### Exercise goal
Nothing but the lines below from the one holding "DTT 'Swindler's Chest'" up to and including the one holding "John Garcia &" should be copied, exactly and without pictures.

*** Opening Raw data ***

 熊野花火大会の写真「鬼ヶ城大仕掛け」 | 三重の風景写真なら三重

*** Closing Raw data ***
*** Opening Raw data ***

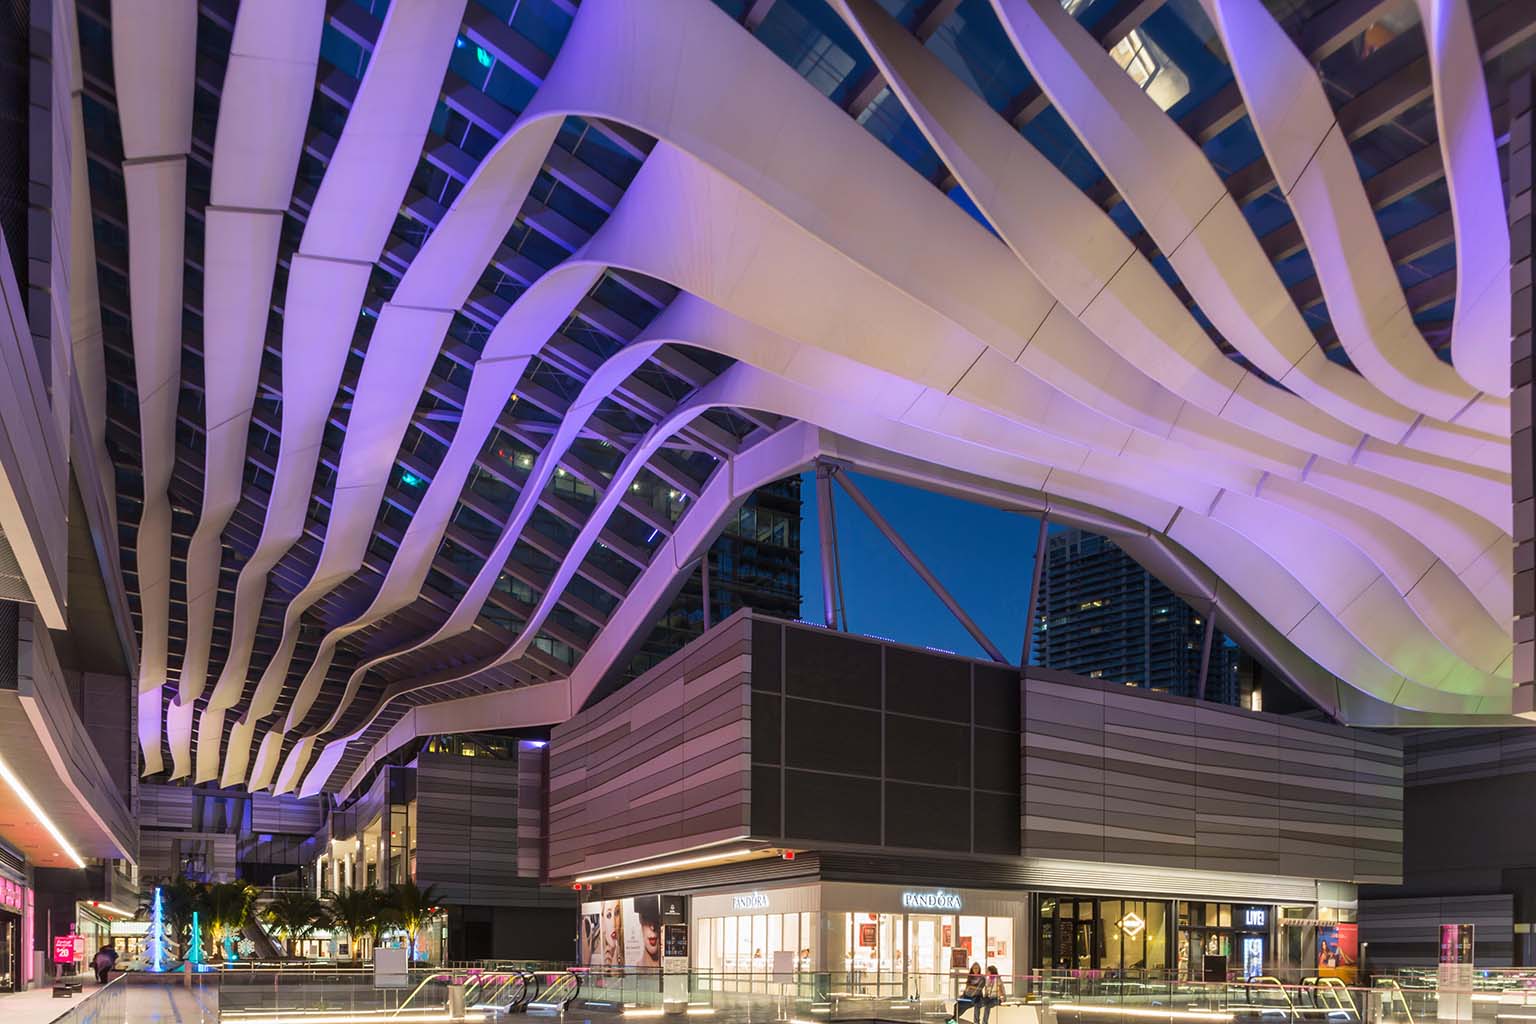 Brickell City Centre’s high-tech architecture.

*** Closing Raw data ***
*** Opening Raw data ***

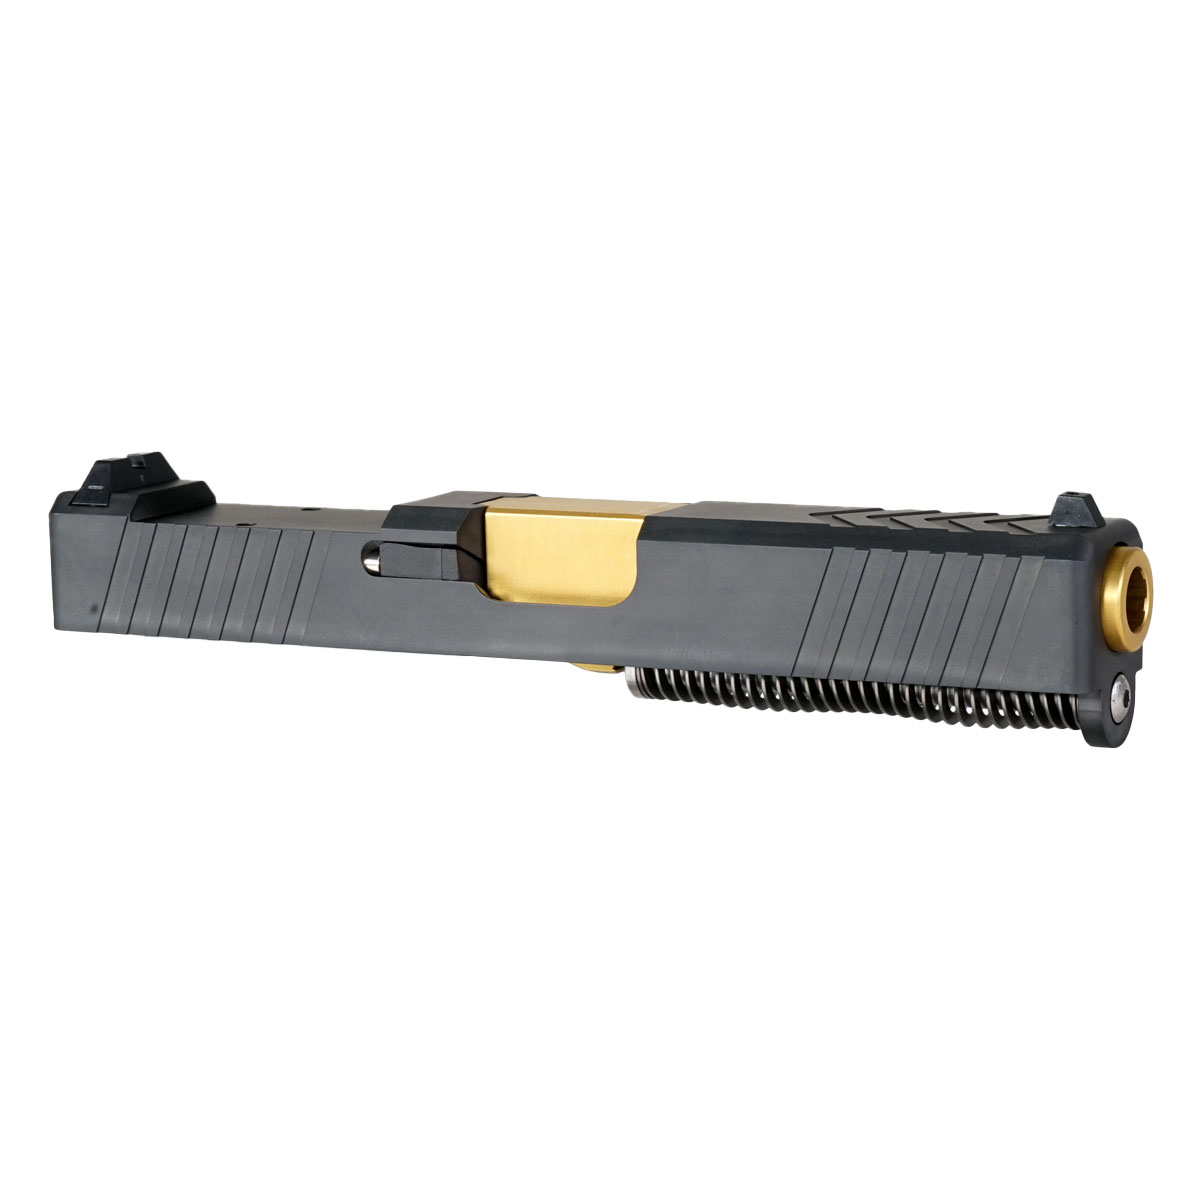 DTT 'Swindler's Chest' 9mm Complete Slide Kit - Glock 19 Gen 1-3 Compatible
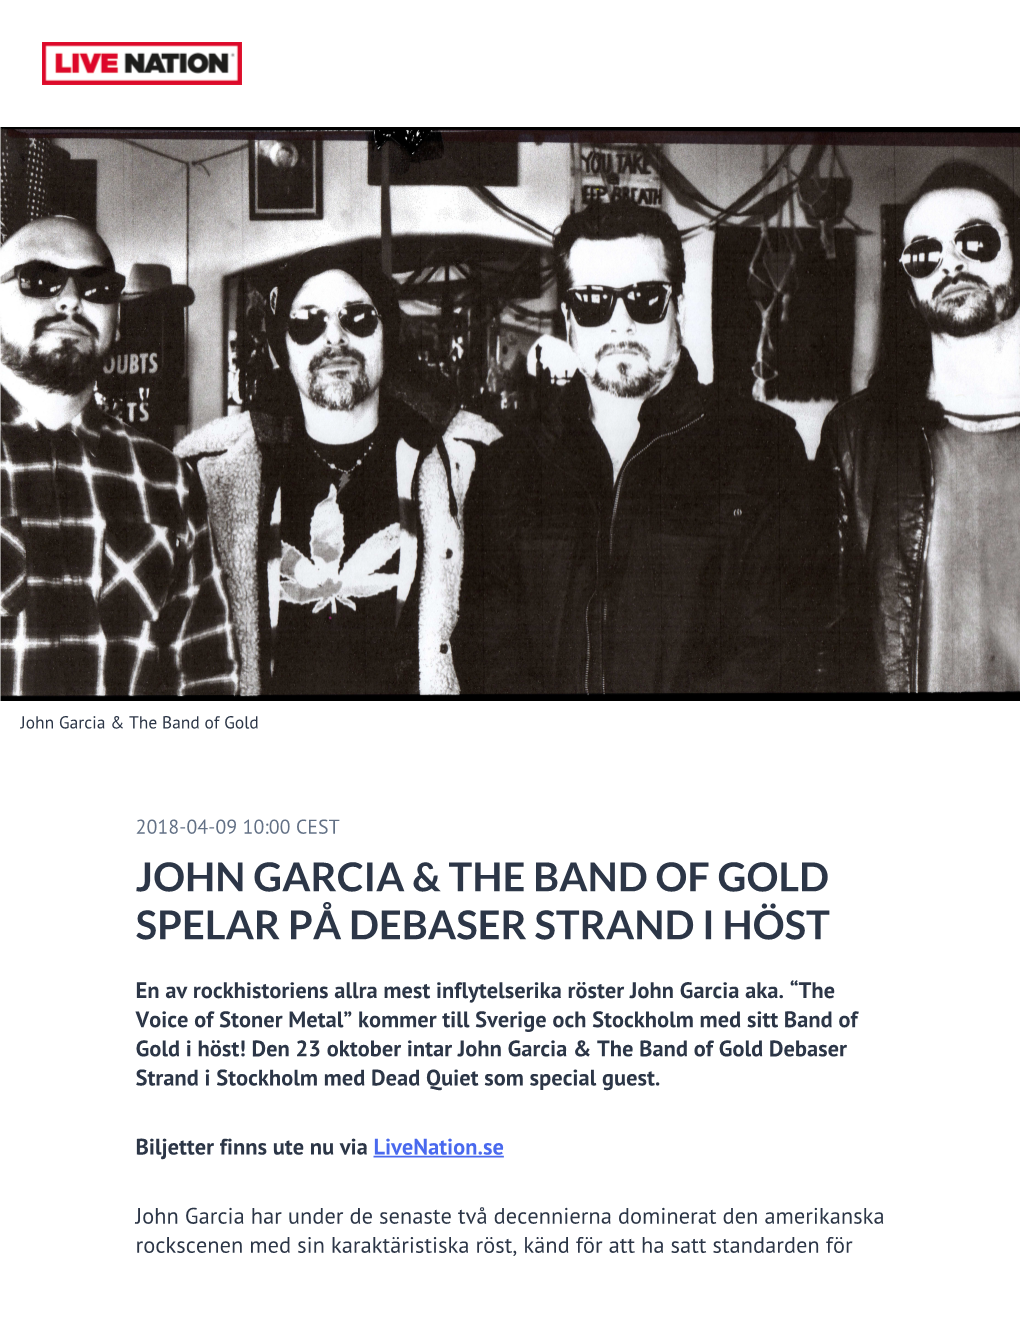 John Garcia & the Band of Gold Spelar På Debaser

*** Closing Raw data ***

### Your solution
 DTT 'Swindler's Chest' 9mm Complete Slide Kit - Glock 19 Gen 1-3 Compatible
 John Garcia & the Band of Gold Spelar På Debaser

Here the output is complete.